When adding a new vector to a data frame that is multiple of the number of rows in the dataframe, that vector will be ‘recycled’ or repeated until it is as long as the data frame:

data1$new_isle = "Puerto Rico"
data1$sequence = c(1, 2, 3, 4)
data1$bad_order = c(1, 2, 3, 4, 5) # throws an error
Error in `$<-.data.frame`(`*tmp*`, bad_order, value = c(1, 2, 3, 4, 5)): replacement has 5 rows, data has 288

R also has a rich set of math operators available. You can learn more about using math operators here.

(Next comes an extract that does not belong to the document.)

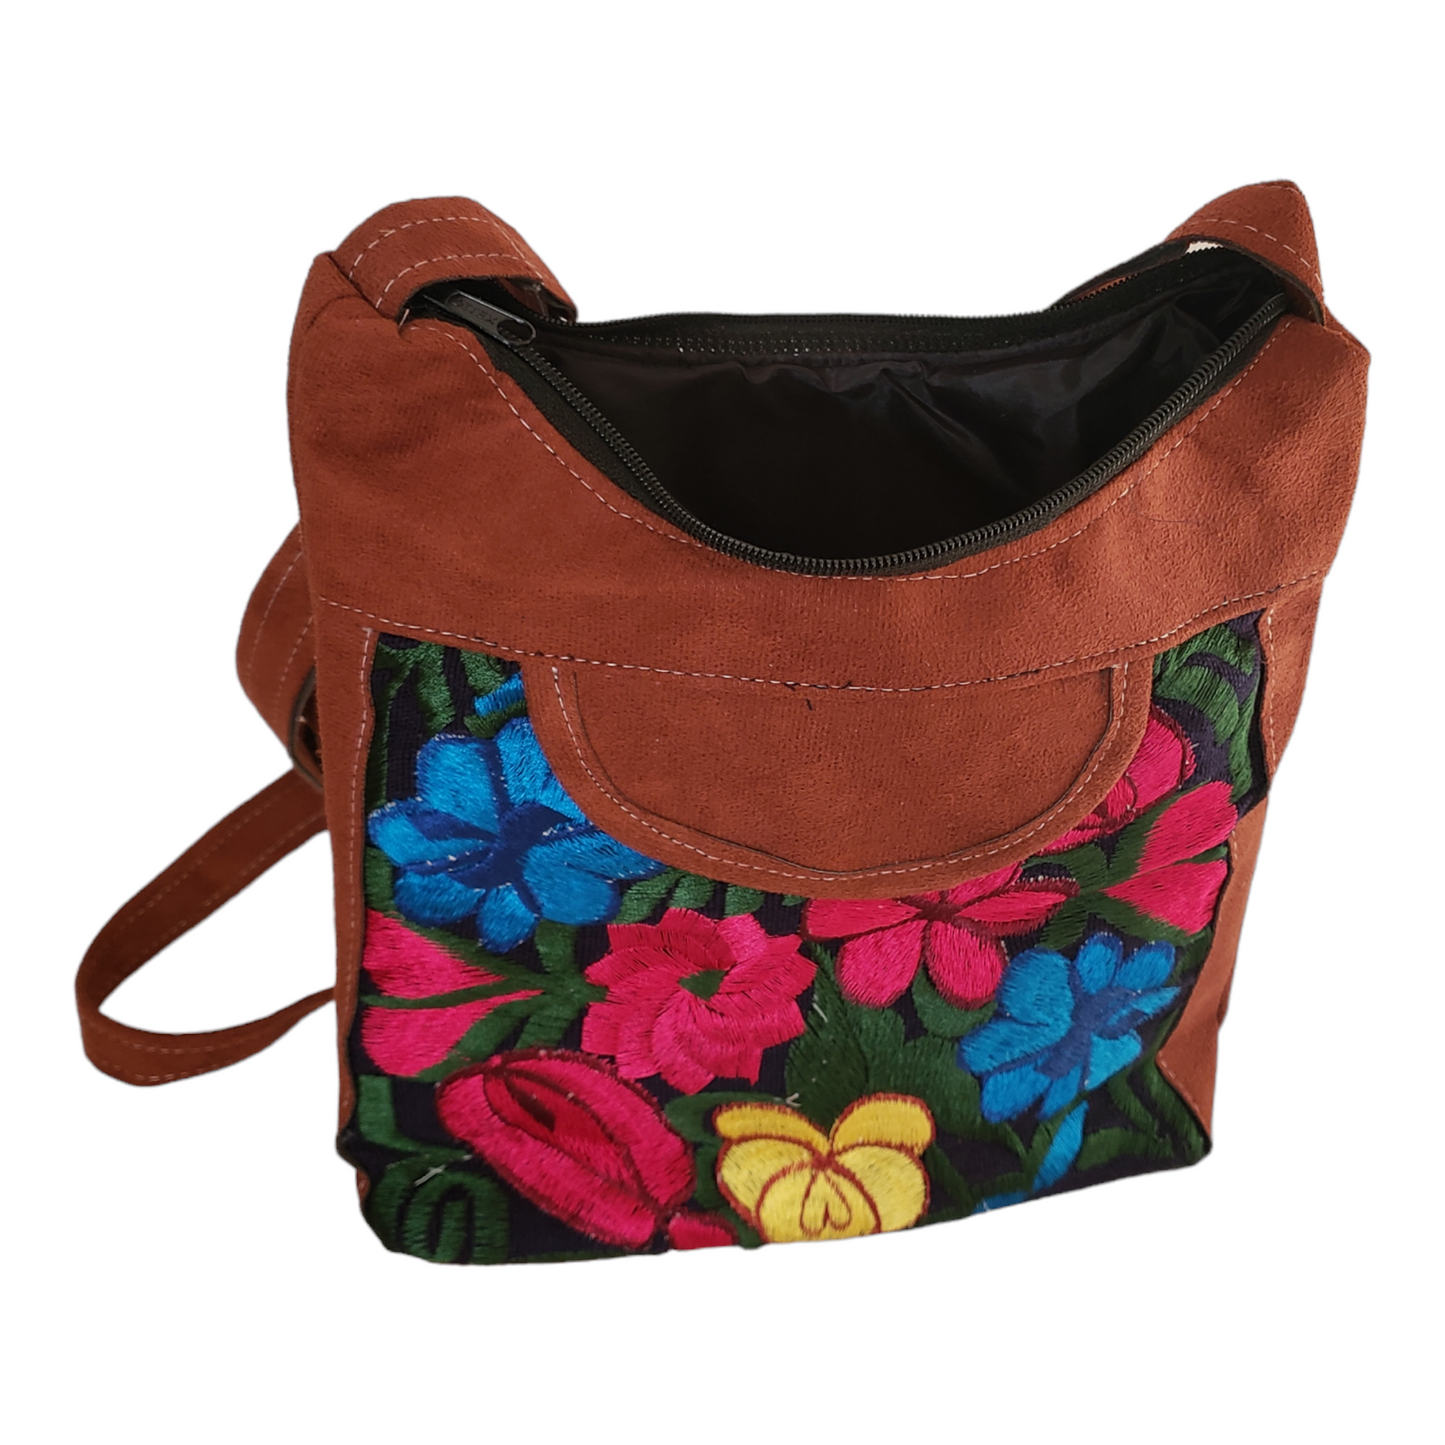 Mexican Embroidered Floral Leather Bag Shoulder Crossbody

  1. Create a sequence of numbers from 1 to 10 twice and assign that to a new vector called ‘k’.
  2. Assign the value 5.4 to a vector called ‘lambda’
  3. Do the following operation to your vector from part 1 of this problem and the vector called ‘lamba’ and assign the results to a new vector:

\[ \frac{lambda^k2.72^{-lambda}}{k!}\] You can compute \(k!\) using factorial(k).

The Data Frame

A data frame is a collection of the vectors of same length. This is the most widely used and important data structure in R. Each vector is a single data type, but different vectors can be different data types (e.g. character or numeric) in a data frame. This is similar to a typical workbook you might open in Excel or another spreadsheet program.

In this example, data1 is a data frame which consists of different vectors (isle, site, block, etc) that are each their own data type (character, integer, numeric, logical).

A data frame has attributes for:

  • nrow number of rows
  • ncol number of columns
  • colnames column names
  • rownames row names (if none are provided, R will generate integer row names starting at 1)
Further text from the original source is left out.